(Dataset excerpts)
==================================================
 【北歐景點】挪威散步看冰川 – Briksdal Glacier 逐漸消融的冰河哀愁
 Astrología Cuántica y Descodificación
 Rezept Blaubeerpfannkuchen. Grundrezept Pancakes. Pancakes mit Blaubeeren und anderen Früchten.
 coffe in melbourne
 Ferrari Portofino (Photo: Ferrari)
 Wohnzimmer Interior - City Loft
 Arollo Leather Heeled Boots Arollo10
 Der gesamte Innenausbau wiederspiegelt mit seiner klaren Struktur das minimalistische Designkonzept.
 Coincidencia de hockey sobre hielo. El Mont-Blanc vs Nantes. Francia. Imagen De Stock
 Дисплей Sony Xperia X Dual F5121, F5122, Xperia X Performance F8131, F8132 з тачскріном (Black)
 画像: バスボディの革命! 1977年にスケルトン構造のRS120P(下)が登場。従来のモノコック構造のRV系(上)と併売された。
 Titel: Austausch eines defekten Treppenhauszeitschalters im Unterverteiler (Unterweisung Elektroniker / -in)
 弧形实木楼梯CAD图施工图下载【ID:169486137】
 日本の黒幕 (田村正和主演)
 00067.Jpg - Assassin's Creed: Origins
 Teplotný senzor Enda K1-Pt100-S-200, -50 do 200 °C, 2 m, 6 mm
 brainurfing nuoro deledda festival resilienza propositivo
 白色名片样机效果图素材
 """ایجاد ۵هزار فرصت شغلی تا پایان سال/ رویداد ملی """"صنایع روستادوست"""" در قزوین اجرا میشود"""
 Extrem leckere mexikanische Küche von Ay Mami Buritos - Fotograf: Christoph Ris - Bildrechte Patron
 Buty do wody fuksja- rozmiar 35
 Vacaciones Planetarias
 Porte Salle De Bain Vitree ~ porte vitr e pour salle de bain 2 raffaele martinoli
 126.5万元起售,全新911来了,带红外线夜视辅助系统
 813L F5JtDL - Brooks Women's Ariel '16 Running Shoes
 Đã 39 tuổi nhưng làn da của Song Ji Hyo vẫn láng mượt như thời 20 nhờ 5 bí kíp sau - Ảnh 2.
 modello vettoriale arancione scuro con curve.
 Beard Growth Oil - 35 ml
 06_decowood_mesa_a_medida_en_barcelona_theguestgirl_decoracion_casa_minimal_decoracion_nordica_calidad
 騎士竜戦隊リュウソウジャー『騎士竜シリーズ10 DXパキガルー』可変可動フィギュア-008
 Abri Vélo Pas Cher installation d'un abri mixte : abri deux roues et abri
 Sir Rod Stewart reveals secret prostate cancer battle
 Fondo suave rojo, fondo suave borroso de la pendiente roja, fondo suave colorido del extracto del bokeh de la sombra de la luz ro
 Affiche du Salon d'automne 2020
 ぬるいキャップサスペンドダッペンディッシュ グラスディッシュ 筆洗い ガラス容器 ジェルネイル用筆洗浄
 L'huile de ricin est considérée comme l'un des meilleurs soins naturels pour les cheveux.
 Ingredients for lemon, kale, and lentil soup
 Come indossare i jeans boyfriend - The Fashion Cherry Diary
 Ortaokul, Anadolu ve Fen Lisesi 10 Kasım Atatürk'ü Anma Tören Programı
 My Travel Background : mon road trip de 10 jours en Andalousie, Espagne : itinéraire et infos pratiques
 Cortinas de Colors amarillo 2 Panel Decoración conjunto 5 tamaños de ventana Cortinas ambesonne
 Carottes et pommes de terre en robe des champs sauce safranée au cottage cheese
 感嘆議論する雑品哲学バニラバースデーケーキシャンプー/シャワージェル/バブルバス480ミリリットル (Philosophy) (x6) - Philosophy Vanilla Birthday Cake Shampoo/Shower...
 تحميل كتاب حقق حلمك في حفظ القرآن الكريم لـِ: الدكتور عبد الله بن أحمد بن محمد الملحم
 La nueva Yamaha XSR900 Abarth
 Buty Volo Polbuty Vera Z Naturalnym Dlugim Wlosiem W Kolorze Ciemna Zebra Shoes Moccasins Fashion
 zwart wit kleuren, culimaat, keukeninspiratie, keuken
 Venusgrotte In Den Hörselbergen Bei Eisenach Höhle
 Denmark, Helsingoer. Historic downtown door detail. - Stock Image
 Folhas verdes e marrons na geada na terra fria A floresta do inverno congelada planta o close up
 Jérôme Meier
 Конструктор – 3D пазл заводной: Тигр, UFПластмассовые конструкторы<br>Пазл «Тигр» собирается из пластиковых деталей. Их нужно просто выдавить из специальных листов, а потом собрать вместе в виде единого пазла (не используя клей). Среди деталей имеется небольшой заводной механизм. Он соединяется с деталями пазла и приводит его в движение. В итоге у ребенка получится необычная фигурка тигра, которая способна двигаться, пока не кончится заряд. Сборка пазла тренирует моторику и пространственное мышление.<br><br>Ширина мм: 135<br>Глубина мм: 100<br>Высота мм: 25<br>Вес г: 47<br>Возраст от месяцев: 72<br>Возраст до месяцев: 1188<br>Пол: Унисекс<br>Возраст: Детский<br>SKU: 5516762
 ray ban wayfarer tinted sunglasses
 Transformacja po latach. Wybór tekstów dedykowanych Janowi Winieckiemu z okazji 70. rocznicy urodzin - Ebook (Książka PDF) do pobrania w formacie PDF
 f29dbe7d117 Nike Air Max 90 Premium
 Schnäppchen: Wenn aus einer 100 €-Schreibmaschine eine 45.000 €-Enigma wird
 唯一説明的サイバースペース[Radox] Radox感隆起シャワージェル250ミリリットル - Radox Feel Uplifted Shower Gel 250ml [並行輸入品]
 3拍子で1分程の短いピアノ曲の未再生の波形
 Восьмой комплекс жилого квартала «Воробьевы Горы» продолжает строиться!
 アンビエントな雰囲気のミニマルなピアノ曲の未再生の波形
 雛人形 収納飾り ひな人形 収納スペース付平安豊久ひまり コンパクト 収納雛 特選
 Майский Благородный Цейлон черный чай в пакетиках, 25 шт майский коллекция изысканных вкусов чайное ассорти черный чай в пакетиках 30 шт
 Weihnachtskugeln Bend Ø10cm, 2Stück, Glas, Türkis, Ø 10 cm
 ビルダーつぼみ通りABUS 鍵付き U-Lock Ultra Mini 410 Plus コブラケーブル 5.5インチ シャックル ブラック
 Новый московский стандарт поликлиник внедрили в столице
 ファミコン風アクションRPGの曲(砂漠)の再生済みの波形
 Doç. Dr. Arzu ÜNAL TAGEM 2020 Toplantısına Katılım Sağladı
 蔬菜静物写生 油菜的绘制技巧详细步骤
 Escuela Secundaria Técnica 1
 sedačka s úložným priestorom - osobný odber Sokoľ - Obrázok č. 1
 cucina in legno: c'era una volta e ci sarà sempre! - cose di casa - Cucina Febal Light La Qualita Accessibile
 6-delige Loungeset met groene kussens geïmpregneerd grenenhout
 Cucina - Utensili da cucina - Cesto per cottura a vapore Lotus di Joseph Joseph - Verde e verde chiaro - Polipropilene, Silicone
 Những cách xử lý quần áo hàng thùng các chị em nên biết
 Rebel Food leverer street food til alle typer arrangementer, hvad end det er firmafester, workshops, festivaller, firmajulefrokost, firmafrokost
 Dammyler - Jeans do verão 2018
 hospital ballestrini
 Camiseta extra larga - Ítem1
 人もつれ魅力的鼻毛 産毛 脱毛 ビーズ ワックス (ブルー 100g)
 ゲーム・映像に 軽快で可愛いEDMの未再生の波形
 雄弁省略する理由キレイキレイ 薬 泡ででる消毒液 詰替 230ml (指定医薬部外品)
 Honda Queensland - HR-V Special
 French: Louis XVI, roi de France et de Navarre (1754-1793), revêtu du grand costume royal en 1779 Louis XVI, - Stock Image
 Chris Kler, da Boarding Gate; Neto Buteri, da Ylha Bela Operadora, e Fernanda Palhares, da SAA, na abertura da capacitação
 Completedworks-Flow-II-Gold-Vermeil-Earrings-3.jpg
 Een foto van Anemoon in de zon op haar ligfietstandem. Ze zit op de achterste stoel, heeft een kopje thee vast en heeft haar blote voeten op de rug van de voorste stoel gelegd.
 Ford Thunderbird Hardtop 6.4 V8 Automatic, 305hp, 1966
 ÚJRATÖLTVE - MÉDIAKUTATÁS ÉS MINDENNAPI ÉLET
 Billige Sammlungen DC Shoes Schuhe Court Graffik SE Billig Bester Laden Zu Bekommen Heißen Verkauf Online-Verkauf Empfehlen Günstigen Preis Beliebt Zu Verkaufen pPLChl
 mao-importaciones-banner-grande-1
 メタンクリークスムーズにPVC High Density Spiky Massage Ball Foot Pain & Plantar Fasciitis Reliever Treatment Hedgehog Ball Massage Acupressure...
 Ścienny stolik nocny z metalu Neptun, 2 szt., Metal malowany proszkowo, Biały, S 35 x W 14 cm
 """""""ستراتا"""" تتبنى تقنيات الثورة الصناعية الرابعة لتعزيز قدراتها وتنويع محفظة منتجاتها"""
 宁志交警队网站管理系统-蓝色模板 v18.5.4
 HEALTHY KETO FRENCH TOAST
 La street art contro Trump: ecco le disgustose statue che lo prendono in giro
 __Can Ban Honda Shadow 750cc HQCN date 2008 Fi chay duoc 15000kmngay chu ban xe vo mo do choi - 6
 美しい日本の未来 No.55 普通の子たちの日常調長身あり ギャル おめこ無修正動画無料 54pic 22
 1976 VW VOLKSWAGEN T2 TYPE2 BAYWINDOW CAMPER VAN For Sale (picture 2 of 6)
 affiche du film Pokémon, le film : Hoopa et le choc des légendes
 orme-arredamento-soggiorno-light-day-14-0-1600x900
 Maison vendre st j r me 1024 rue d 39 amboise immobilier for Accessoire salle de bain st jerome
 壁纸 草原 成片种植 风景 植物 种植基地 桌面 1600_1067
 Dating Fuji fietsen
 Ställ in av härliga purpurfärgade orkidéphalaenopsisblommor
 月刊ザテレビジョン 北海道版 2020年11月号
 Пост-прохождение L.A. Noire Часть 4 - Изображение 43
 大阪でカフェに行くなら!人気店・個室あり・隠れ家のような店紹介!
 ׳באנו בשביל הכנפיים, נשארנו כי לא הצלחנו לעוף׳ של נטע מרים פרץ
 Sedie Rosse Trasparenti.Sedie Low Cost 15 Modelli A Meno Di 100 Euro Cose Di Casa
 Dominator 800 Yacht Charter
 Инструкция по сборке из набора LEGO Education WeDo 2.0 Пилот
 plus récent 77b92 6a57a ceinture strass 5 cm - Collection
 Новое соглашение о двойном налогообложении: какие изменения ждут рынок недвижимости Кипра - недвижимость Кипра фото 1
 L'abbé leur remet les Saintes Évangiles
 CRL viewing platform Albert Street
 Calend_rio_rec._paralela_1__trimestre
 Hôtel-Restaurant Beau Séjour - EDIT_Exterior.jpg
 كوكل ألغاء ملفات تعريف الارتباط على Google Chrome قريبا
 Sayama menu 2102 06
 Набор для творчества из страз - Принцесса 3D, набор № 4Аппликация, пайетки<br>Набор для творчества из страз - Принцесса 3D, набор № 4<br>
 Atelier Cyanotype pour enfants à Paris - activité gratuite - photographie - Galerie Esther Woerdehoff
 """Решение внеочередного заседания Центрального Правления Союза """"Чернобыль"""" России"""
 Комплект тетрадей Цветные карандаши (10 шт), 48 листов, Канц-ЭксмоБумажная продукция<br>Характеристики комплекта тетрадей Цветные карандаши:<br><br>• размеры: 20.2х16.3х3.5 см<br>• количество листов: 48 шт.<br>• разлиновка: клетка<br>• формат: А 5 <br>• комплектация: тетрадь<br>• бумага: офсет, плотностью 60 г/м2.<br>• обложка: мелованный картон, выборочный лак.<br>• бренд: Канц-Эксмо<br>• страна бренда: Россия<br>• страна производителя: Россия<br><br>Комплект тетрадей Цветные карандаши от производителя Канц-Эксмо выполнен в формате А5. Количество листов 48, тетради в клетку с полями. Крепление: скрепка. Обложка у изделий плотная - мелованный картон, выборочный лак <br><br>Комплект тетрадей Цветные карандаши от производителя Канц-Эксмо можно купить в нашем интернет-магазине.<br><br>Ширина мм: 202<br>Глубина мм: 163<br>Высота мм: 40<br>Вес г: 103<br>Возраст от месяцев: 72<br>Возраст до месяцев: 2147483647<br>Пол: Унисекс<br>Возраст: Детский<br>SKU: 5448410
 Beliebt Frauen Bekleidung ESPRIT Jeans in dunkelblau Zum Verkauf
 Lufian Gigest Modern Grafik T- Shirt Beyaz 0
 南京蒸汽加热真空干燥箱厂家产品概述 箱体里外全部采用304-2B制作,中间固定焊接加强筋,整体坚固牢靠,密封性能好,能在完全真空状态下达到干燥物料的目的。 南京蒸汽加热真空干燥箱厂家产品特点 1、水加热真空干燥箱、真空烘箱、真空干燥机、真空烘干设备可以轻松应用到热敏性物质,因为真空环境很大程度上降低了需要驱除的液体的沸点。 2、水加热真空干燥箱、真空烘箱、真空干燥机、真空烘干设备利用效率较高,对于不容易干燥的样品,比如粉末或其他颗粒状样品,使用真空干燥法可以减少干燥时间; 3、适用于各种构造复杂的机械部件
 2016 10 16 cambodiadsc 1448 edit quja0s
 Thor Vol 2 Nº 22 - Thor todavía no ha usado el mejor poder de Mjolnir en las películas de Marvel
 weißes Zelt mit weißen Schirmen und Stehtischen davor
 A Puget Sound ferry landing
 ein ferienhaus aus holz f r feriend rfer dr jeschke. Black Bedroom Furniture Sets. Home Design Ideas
==================================================
• WHAT YOU NEED TO DO
Copy range, inclusive: the line holding "Майский Благородный Цейлон" to the line holding "ÚJRATÖLTVE - MÉDIAKUTATÁS ÉS MINDENNAPI ÉLET". Reproduce exactly those lines of the records above and no others.

• ANSWER TO THIS PROBLEM
 Майский Благородный Цейлон черный чай в пакетиках, 25 шт майский коллекция изысканных вкусов чайное ассорти черный чай в пакетиках 30 шт
 Weihnachtskugeln Bend Ø10cm, 2Stück, Glas, Türkis, Ø 10 cm
 ビルダーつぼみ通りABUS 鍵付き U-Lock Ultra Mini 410 Plus コブラケーブル 5.5インチ シャックル ブラック
 Новый московский стандарт поликлиник внедрили в столице
 ファミコン風アクションRPGの曲(砂漠)の再生済みの波形
 Doç. Dr. Arzu ÜNAL TAGEM 2020 Toplantısına Katılım Sağladı
 蔬菜静物写生 油菜的绘制技巧详细步骤
 Escuela Secundaria Técnica 1
 sedačka s úložným priestorom - osobný odber Sokoľ - Obrázok č. 1
 cucina in legno: c'era una volta e ci sarà sempre! - cose di casa - Cucina Febal Light La Qualita Accessibile
 6-delige Loungeset met groene kussens geïmpregneerd grenenhout
 Cucina - Utensili da cucina - Cesto per cottura a vapore Lotus di Joseph Joseph - Verde e verde chiaro - Polipropilene, Silicone
 Những cách xử lý quần áo hàng thùng các chị em nên biết
 Rebel Food leverer street food til alle typer arrangementer, hvad end det er firmafester, workshops, festivaller, firmajulefrokost, firmafrokost
 Dammyler - Jeans do verão 2018
 hospital ballestrini
 Camiseta extra larga - Ítem1
 人もつれ魅力的鼻毛 産毛 脱毛 ビーズ ワックス (ブルー 100g)
 ゲーム・映像に 軽快で可愛いEDMの未再生の波形
 雄弁省略する理由キレイキレイ 薬 泡ででる消毒液 詰替 230ml (指定医薬部外品)
 Honda Queensland - HR-V Special
 French: Louis XVI, roi de France et de Navarre (1754-1793), revêtu du grand costume royal en 1779 Louis XVI, - Stock Image
 Chris Kler, da Boarding Gate; Neto Buteri, da Ylha Bela Operadora, e Fernanda Palhares, da SAA, na abertura da capacitação
 Completedworks-Flow-II-Gold-Vermeil-Earrings-3.jpg
 Een foto van Anemoon in de zon op haar ligfietstandem. Ze zit op de achterste stoel, heeft een kopje thee vast en heeft haar blote voeten op de rug van de voorste stoel gelegd.
 Ford Thunderbird Hardtop 6.4 V8 Automatic, 305hp, 1966
 ÚJRATÖLTVE - MÉDIAKUTATÁS ÉS MINDENNAPI ÉLET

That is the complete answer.